Employers should carry on supporting their employees in the best way they can, from strictly implementing health and safety protocols, cleaning and disinfection, social distancing to providing mental health support.
With restrictions easing in some states like Hawaii, Mississippi, Kansas, and Louisiana, and lifted in other states like Georgia, Missouri, and Iowa, more and more employees who had to work from home for over a year are now expected to return to their respective workplaces.
It’s a good sign, economy- and business-wise.
But until the very last case of COVID-19 is over, there is always the fear about health and safety.
As the pandemic continues, employers are tasked to ensure that utmost health and safety protocols are observed in their place of business, and reassure their employees that it’s now safe to return to work.
Here’s how you can encourage employees back to their office and guarantee their safety:
Be updated with government COVID-19 guidelines
It’s the responsibility of business owners to stay on top of all the recent information about the pandemic and act accordingly.
The Centers for Disease (CDC) has released in-depth guidance for businesses and employers. There, you’ll find SOPS on symptom screening, hazard assessment, testing, quarantine, social distancing policies, and many others.
In addition to this, there might be more health protocols required by your state health department. Make sure to keep track of these policies as they are updated from time to time.
Be strict with “social distancing”
As employees return to work, there shouldn’t be cramped workspaces anymore.
According to the World Health Organization social distancing has been identified as one of the best ways to stop the spread of COVID-19. This will also allay the fears of those who are still anxious about returning to work.
Start by implementing an office layout, according to the social distancing policies set by the CDC.
Here are some helpful tips when re-arranging your office:
- Remove dead ends and create a one-way system to and from each seat.
- Consider the high-traffic pathways when creating a socially distanced layout. Mark these busy areas as one-way zones, and direct employees to take a detour when walking in the opposite direction.
- Each workstation should have a distance of 6 feet in between. Make sure to put signage to keep everyone informed.
- Install transparent partitions to avoid face-to-face interactions.
- Remove seating from high-traffic areas like the pantry, lobby, and break rooms.
Have your office deep-cleaned and disinfected before re-opening
Ease the worries of your returning employees by giving your office a deep clean.
Also, schedule routine deep cleaning and disinfection of your facility. Develop a plan. Stock up on alcohol and hand sanitizers, and encourage employees to disinfect their desks more often.

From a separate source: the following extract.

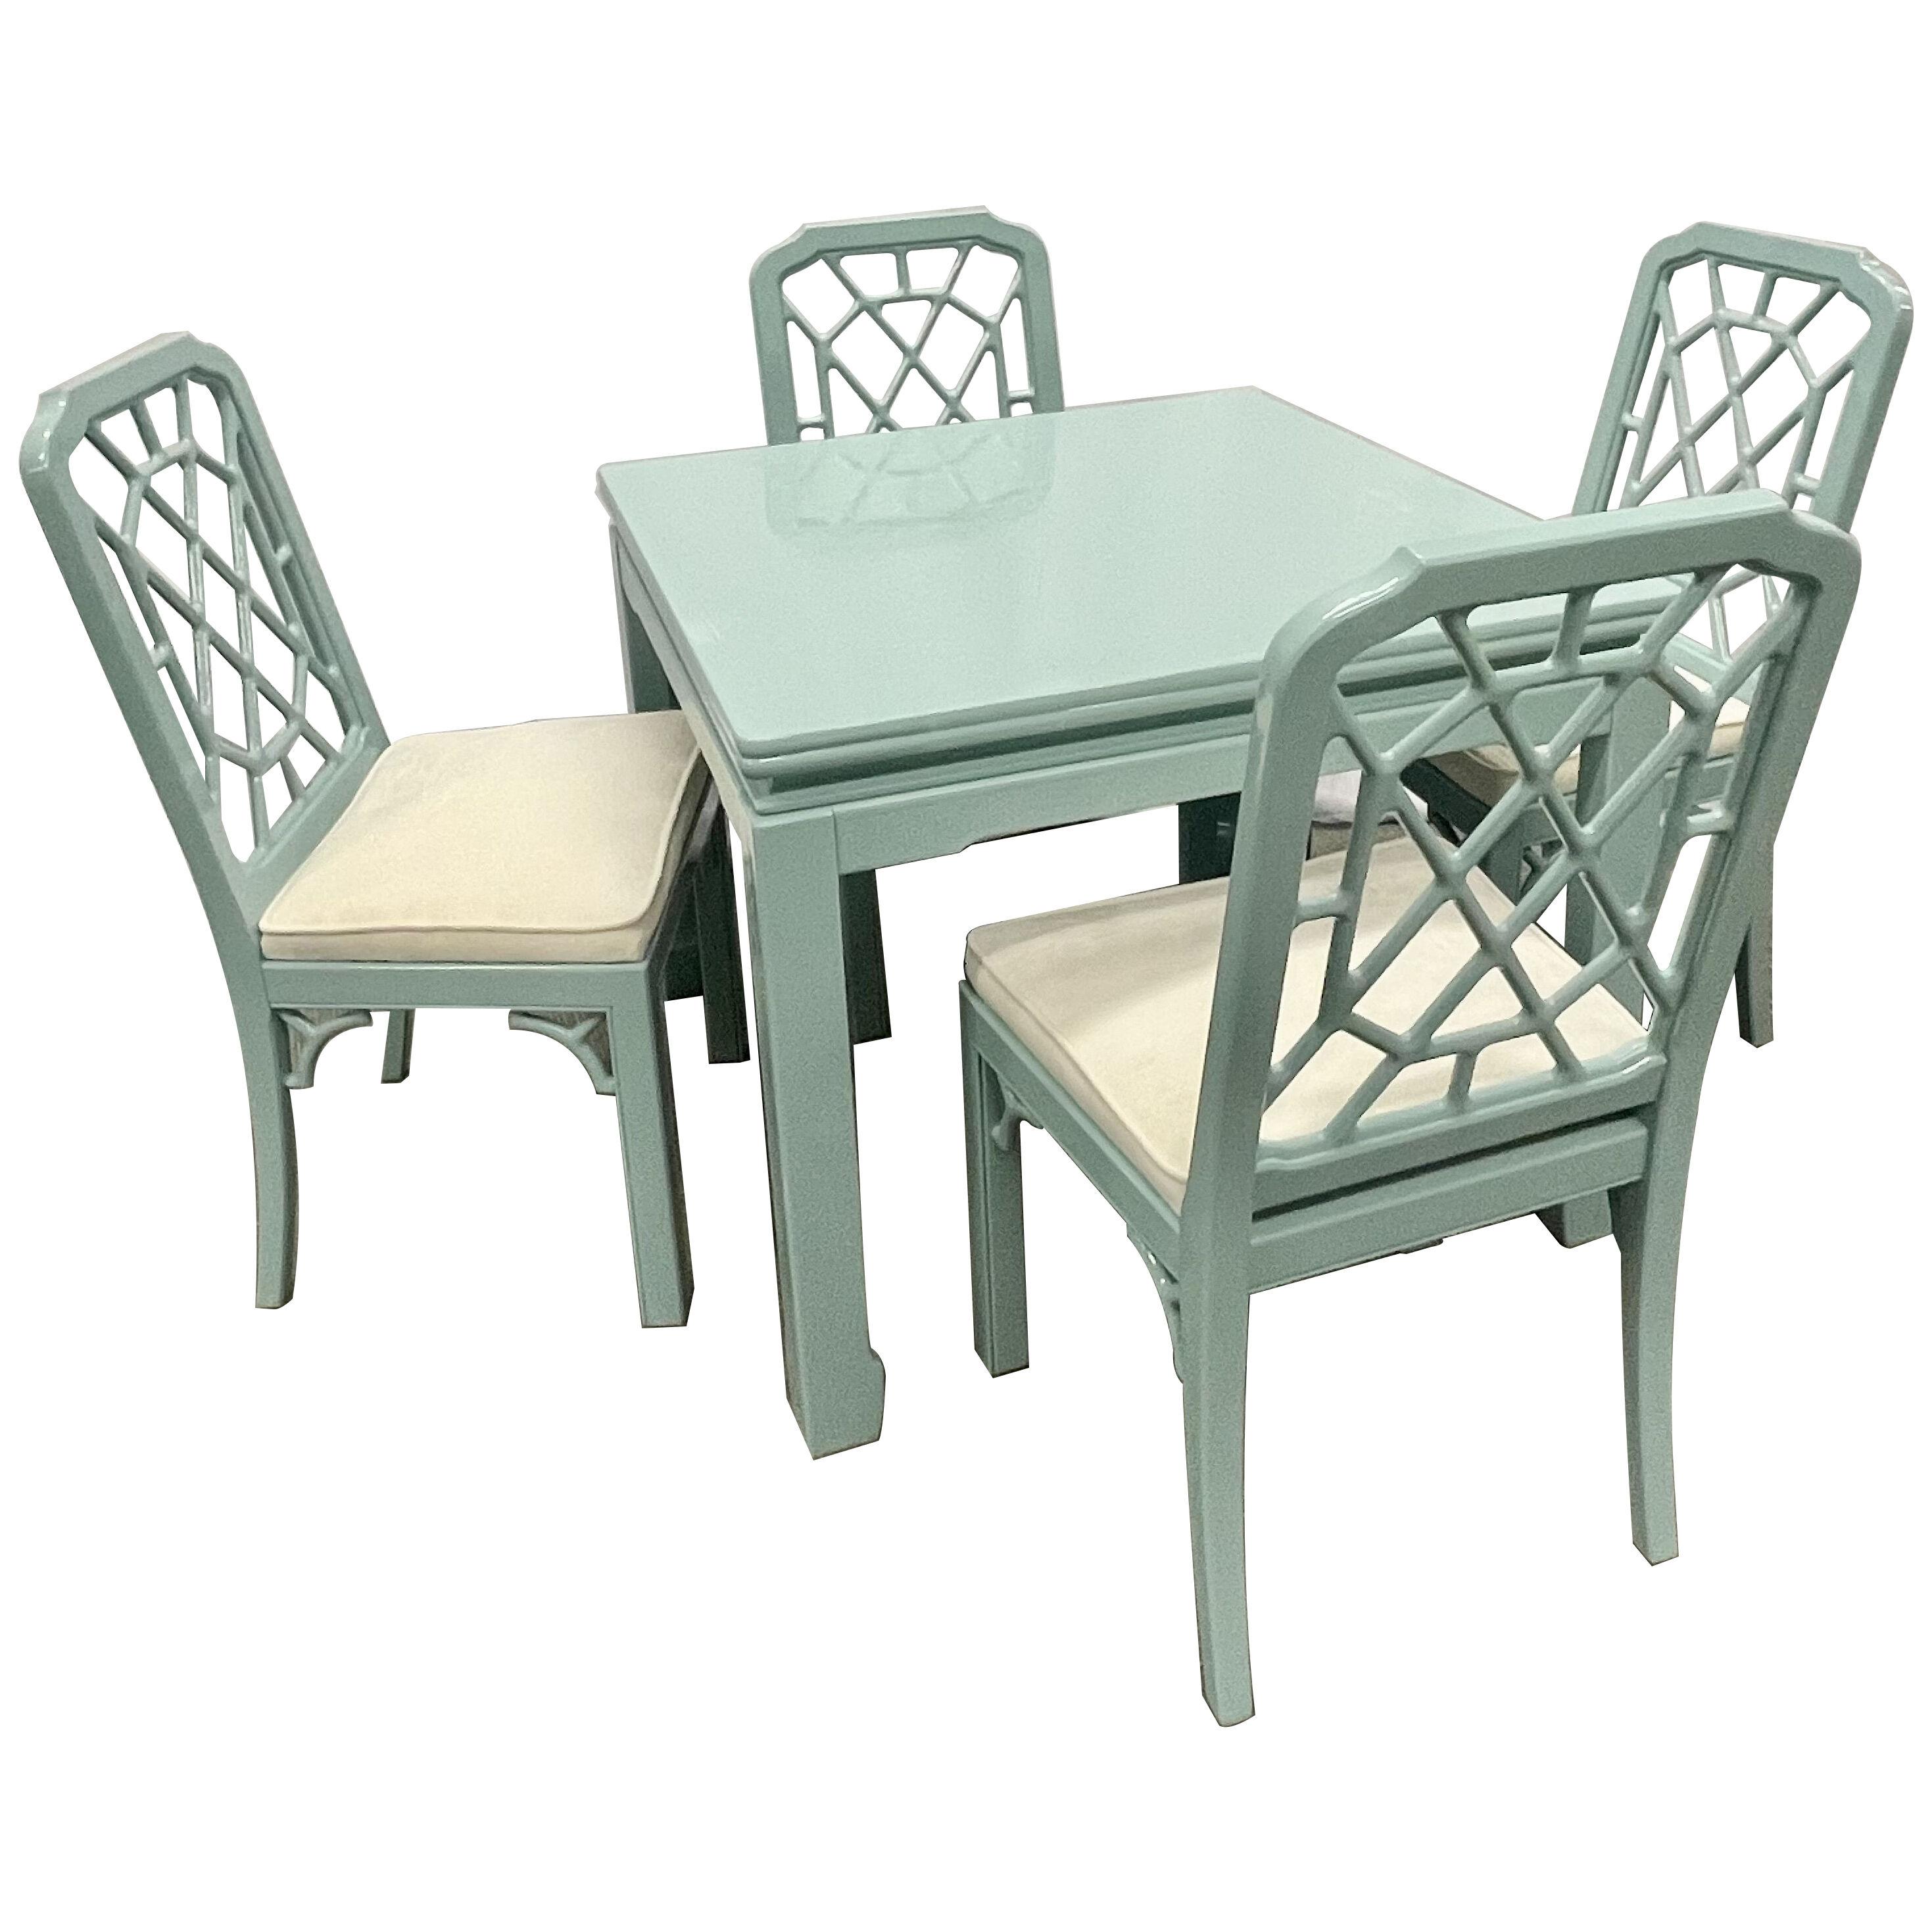 John Widdicomb Game, Dining, Card Table and Chairs Set, Mid Century Modern,

According to the CDC, you may need to clean and disinfect more frequently if there’s high transmission of COVID-19 in your community.
Creating a clean and well-organized space will not just keep your employees safe from viruses and bacteria. It can also boost their mental health and productivity. It’s a win-win!
Provide hand sanitizers and encourage proper hygiene
Employers should encourage their workers to practice proper hygiene.
Set up accessible handwashing stations. Make sure all of them are equipped with antibacterial soap and hand sanitizers.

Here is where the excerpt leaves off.